L’éligibilité de Gbagbo, qui vit en liberté conditionnelle à Bruxelles depuis qu’il a été acquitté par la Cour pénale internationale (CPI), semble toutefois hypothétique. D’abord parce que son passeport ivoirien n’a pas encore été renouvelé. En outre, parce que son nom a été retiré de la liste électorale, par la Commission électorale indépendante (CEI).
Condamné en janvier 2018 à vingt ans de prison pour « vol en réunion par effraction, portant sur des caves à l’Agence nationale de la Bceao (Banque centrale des états de l’Afrique de l’ouest), et des numéraires; complicité de vol en réunion, par effraction; destruction d’une installation appartenant à autrui; détournement de deniers publics », Gbagbo, perd, selon le code électoral ivoirien, sa qualité d’électeur et de candidat éligible. Surtout, s’il met le pied à Abdijan, c’est la prison qui l’attend.
S’achemine-t-on vers la même affiche électorale de 2010, qui a vu les « trois Grands » s’affronter au premier tour, avant que Bédié rallie Ouattara contre Gbagbo, au second tour ? Rien n’est moins sûr. Sauf si le chef de l’État ivoirien décidait d’aller à l’apaisement avec ses adversaires, comme il l’avait fait deux ans plus tôt par l’amnistie de plusieurs prisonniers politiques, dont Simone Gbagbo.
« Le président Ouattara pourrait décider d’amnistier tous les politiques condamnés à l’occasion de son discours du 7 août, date commémorative de l’indépendance de la Côte d’Ivoire », espère ainsi Mamadou Traoré, responsable de Générations et peuples solidaires (GPS), le mouvement de Guillaume Soro, candidat déclaré mais en exil en France, après avoir été condamné à vingt ans de prison pour « recel de deniers publics détournés et de blanchiment de capitaux ». Dans un tel scénario, on se dirigerait vers un quasi-remake de la présidentielle d’octobre 2010, avec un Guillaume Soro non plus arbitre – il était alors Premier ministre -, mais acteur.
… Ou le scénario de la présidentielle de 2000 ?

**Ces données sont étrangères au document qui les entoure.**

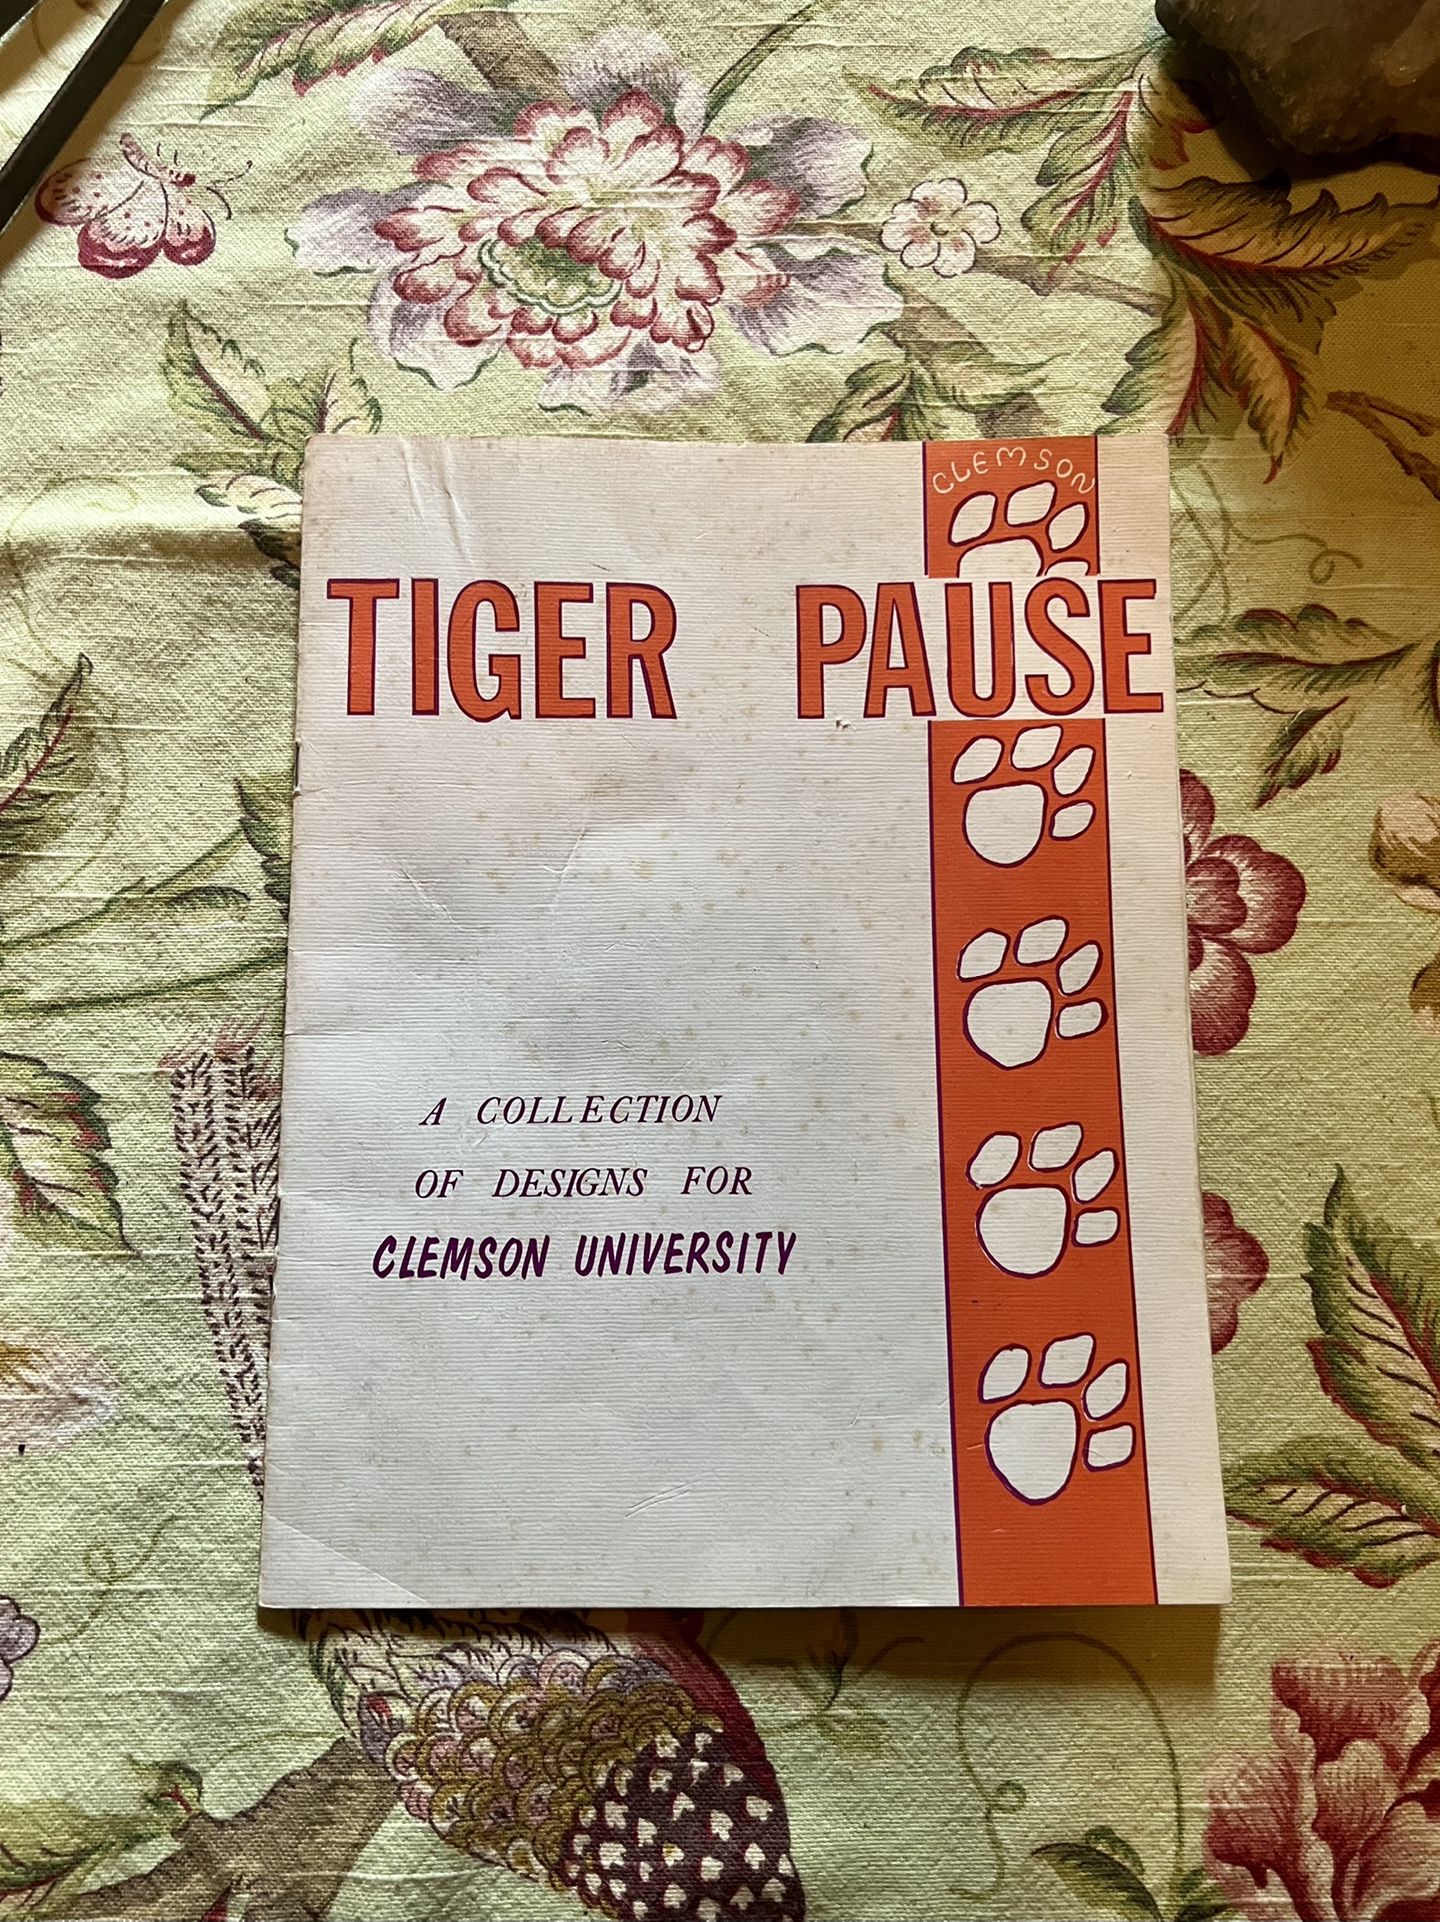 1980 Vintage Cross-Stitch Album - TIGER PAUSE: A COLLECTION OF DESIGNS FOR CLEMSON UNIVERSITY From Three Needles - Rare, Collector’s Piece!

En revanche, dans le cas où les candidatures de Gbagbo et de Soro étaient effectivement rejetées, « nous serions dans un scénario similaire à celui d’octobre 2000, avec d’un côté, un président sortant candidat à sa propre succession après avoir pourtant déclaré sa volonté de ne pas se représenter, comme le chef de la junte militaire Robert Guéï. Et de l’autre, un candidat issu du principal de l’opposition. En 2000, ce rôle avait été tenu par Gabgbo, cette fois, ce serait Bédié », estime l’analyste politique Sylvain N’Guessan.
Dans les deux cas, le spectre du passé hante les esprits. En 2000, la présidentielle qui a vu la victoire de Gbagbo face à Guéï s’est achevée par une crise postélectorale sanglante.
Dix ans plus tard, alors que le pays était divisé en deux depuis huit ans du fait de la rébellion de Guillaume Soro, l’après-second tour de la présidentielle a duré plus de quatre mois. Bilan officiel : plus de 3000 morts.
Une éventualité dont le nouveau Premier ministre Hamed Bakayoko a pleinement conscience : « Nos défis sont, entre autres, de réussir le pari de faire en sorte que nous ayons des élections dans la paix. Une élection qui est une compétition politique (…) Je veux m’investir avec cette génération parce que si nous réussissons, nous aurons mérité de nos aînés et nous aurons travaillé pour nos descendants ».